As a area I like NoDa and Southend better tho.
I realize these are all distinct places. People keep saying they're bad comparisons, but they aren't understanding what I'm looking for. I highlighted it in your comment above: community feel. A gathering place where there's visible activity everywhere, very walkable with great people watching, lots of energy with things going on all around you, very social, very diverse, a variety of unique restaurants, pubs and shops. No chains! The kind of place that gives a city its heartbeat, like Greenwich Village or Times Square and so many other places in New York; Georgetown, Dupont Circle, Adams Morgan, and many other neighborhoods in DC. The kind of place tourists visit to find out what the city is all about. These places normally emerge organically and give a city a sense of identity. When I was last in Atlanta, which has been a long while (October 2001) I was surprised at the lack of areas like this. I was in one neighborhood called Virginia Highlands that was sort of in this vein, but I thought it was rather low key and not much was there. I came away with the sense that Atlanta, at least at that time, was still little more than a mass of sprawling suburbs which, to me, spells absolute boredom. Atlanta could very well have changed since then.
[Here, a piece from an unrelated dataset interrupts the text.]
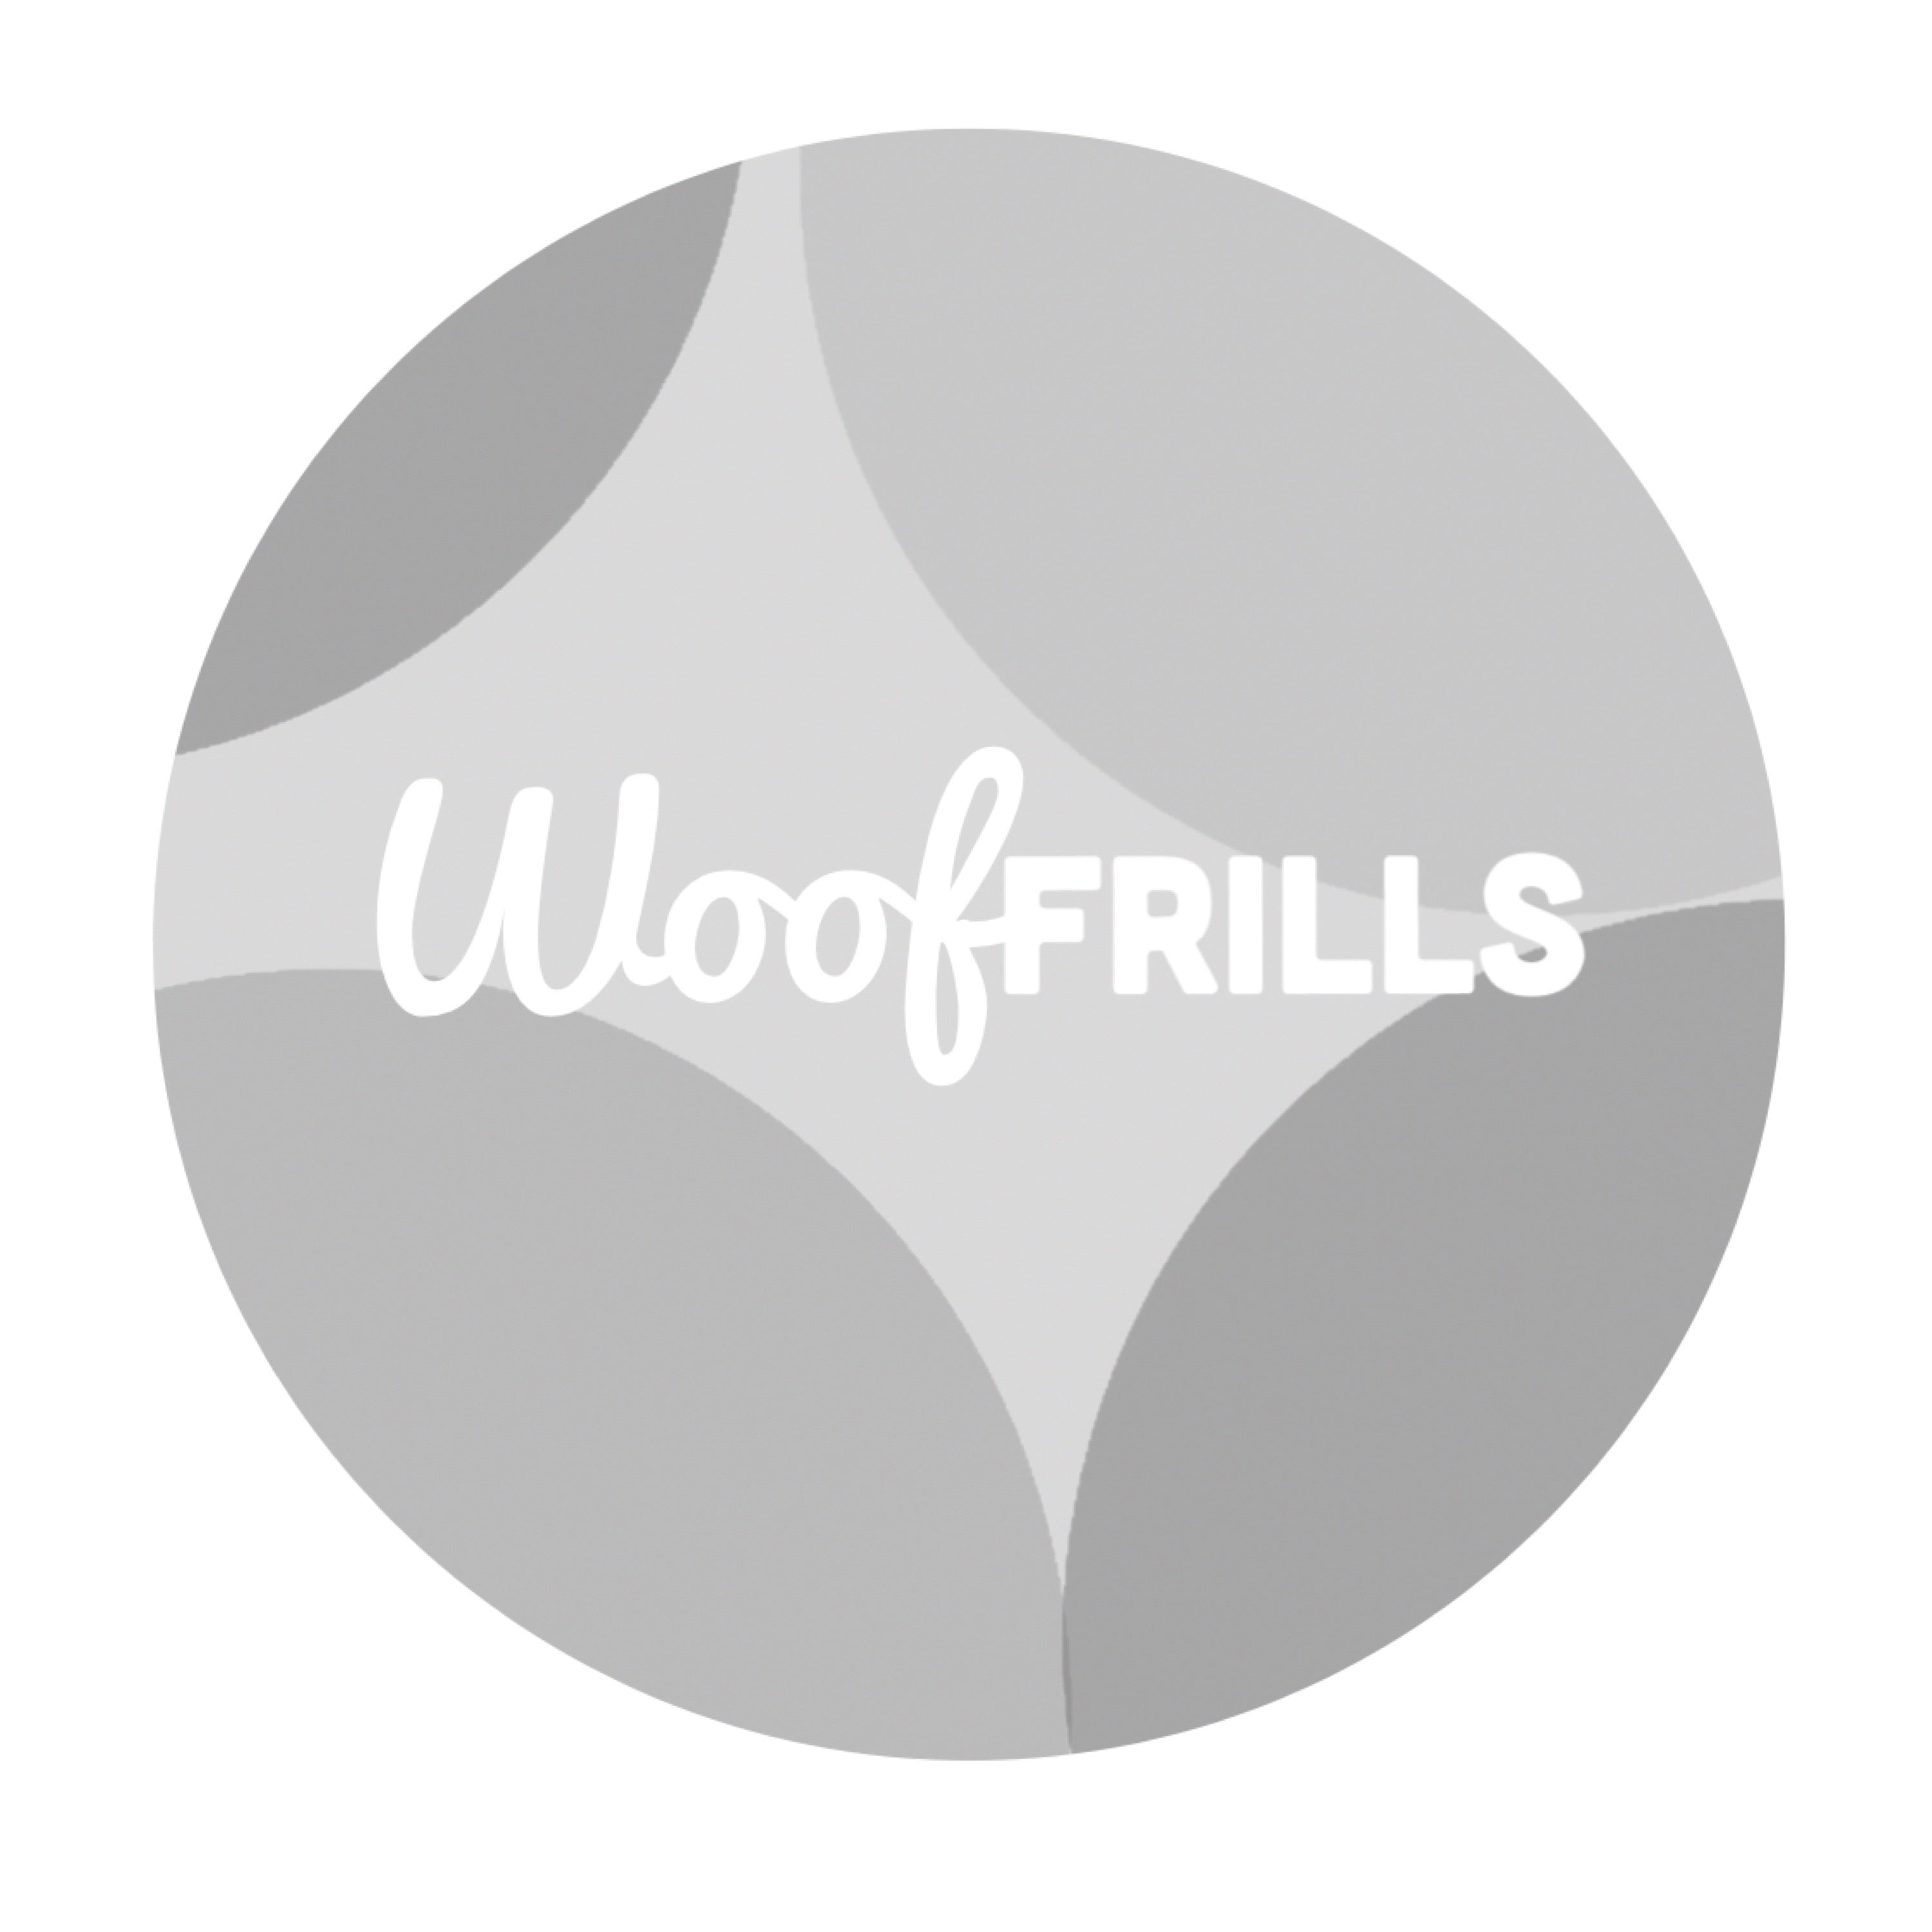 Woof Frills

Phoenix (where I lived for a year) is also devoid of any such area. Pure suburbia. Blech!

Quote:
Originally Posted by poppydog View Post
You're misremembering the art museum. It's not anywhere near downtown. It's a nice place to walk around, though. The history and science museums are in downtown Raleigh. Maybe you're remembering one of those instead?

We were in downtown Raleigh today. There's usually something happening. We stopped at the history museum and Videri Chocolate Factory.

Come back and visit sometime! Downtown Raleigh, downtown Durham, and downtown Chapel Hill usually all have pedestrian life going on.
I'm sure you are correct about the art museum not being in downtown. So it's quite possible I have not actually been in downtown Raleigh since a fourth grade field trip to the science museum and capitol, which would have been around 1972! That is unless the NCSU area counts as downtown. I was certainly over there in 1983.

The reason I was at the museum is that my uncle had made some dismissive remarks about the Mint Museum in Charlotte. He was from Richmond and had been to Charlotte to see the King Tut exhibit (1989?). He had taken me to the Virginia Museum in Richmond, which was very nice and, hence, his remarks about the Mint, which he didn't think was the same caliber. I thought the comparison was unfair as the Virginia Museum is a state-run museum, whereas the Mint Museum was just a municipal museum. So I felt I needed to go to Raleigh to see the state's art museum to see how that compared to the Virginia museum.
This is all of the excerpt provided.